McMorris et al. (2006) found that creatine supplementation attenuated the cognitive performance decline associated with 24 hours of sleep deprivation. This is a niche application, but it's one of the more interesting findings in the creatine benefits beyond the gym literature. Creatine increases physical performance in successive bursts of short-term, high intensity exercise - that's the established claim. The cognitive resilience under sleep deprivation data is preliminary but mechanistically coherent.

Frequently asked questions

My honest take

I started looking into high cortisol levels and sleep properly about three years ago, when I was sleeping badly and couldn't work out whether the cortisol was causing the poor sleep or the poor sleep was causing the cortisol. The honest answer, I eventually concluded, is both - and that's actually useful to know, because it means there are multiple points of entry.

The behavioural stuff - consistent wake time, morning light, cutting alcohol, moving exercise earlier in the day - made a noticeable difference for me before any supplement did. I say that not to dismiss supplements but to be honest about the order of operations. If the behavioural foundations aren't there, I don't think any formula is going to do much.

That said, the glycine data genuinely surprised me when I first read it. The mechanism is specific, the core temperature effect is measurable, and it's the kind of finding that makes biological sense. I included it in the formula because of that, not because I can guarantee it'll improve your sleep. The taurine is similar - credible mechanistic case, limited large-scale human trials, strong safety profile.

The adaptogen evidence for cortisol is more developed than I expected when I started reading it, particularly for ashwagandha. But I'd be cautious about extrapolating from stressed, often subclinically anxious trial populations to everyone. Effect sizes in healthy, well-sleeping adults are probably smaller.

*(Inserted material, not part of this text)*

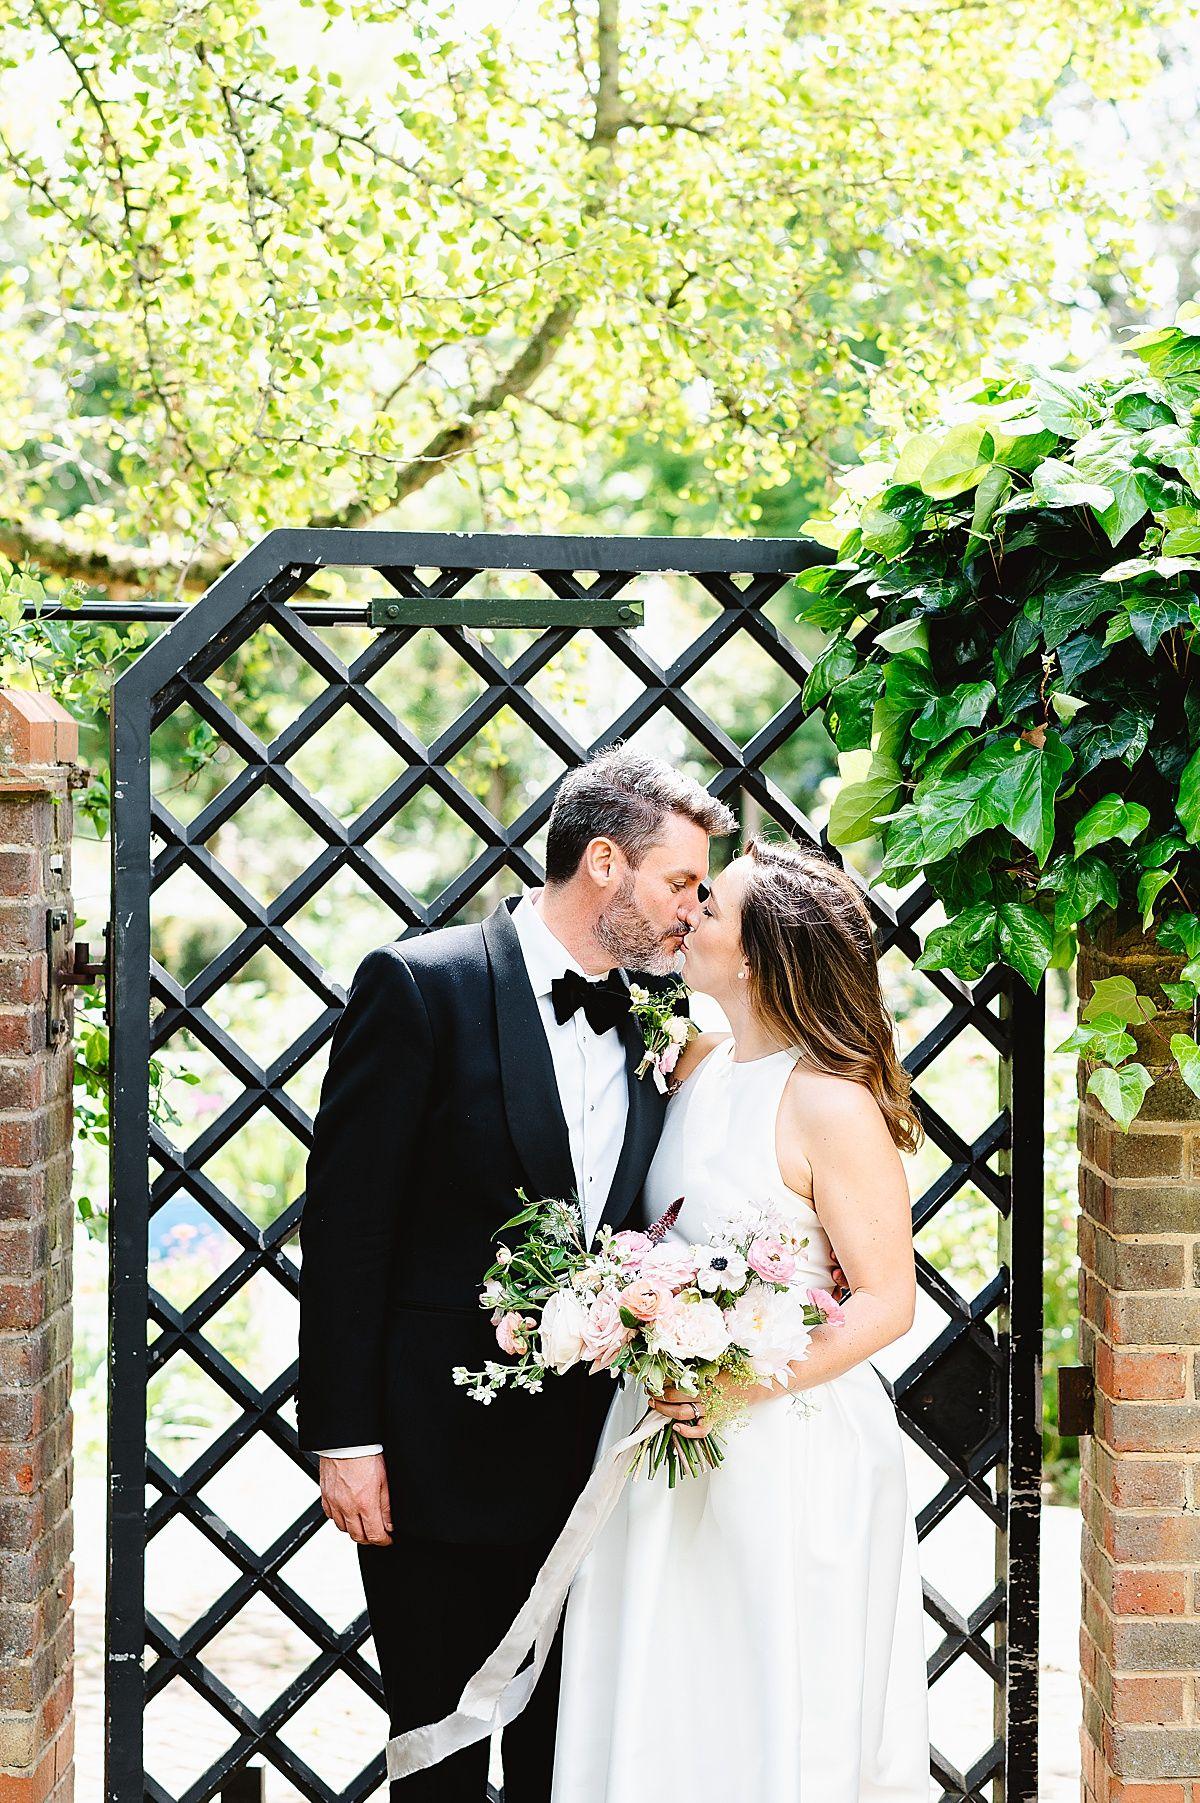 fiona kelly photography fiona kelly photography natural wedding photography 0010

What I keep coming back to is the bidirectionality. You can't fully address cortisol without addressing sleep, and you can't fully address sleep without addressing cortisol. That's not a counsel of despair - it just means the approach needs to work on both simultaneously, and it probably takes longer than a two-week trial to see meaningful change.

This article is for informational purposes only and does not constitute medical advice. Consult your healthcare provider before starting any supplement regimen.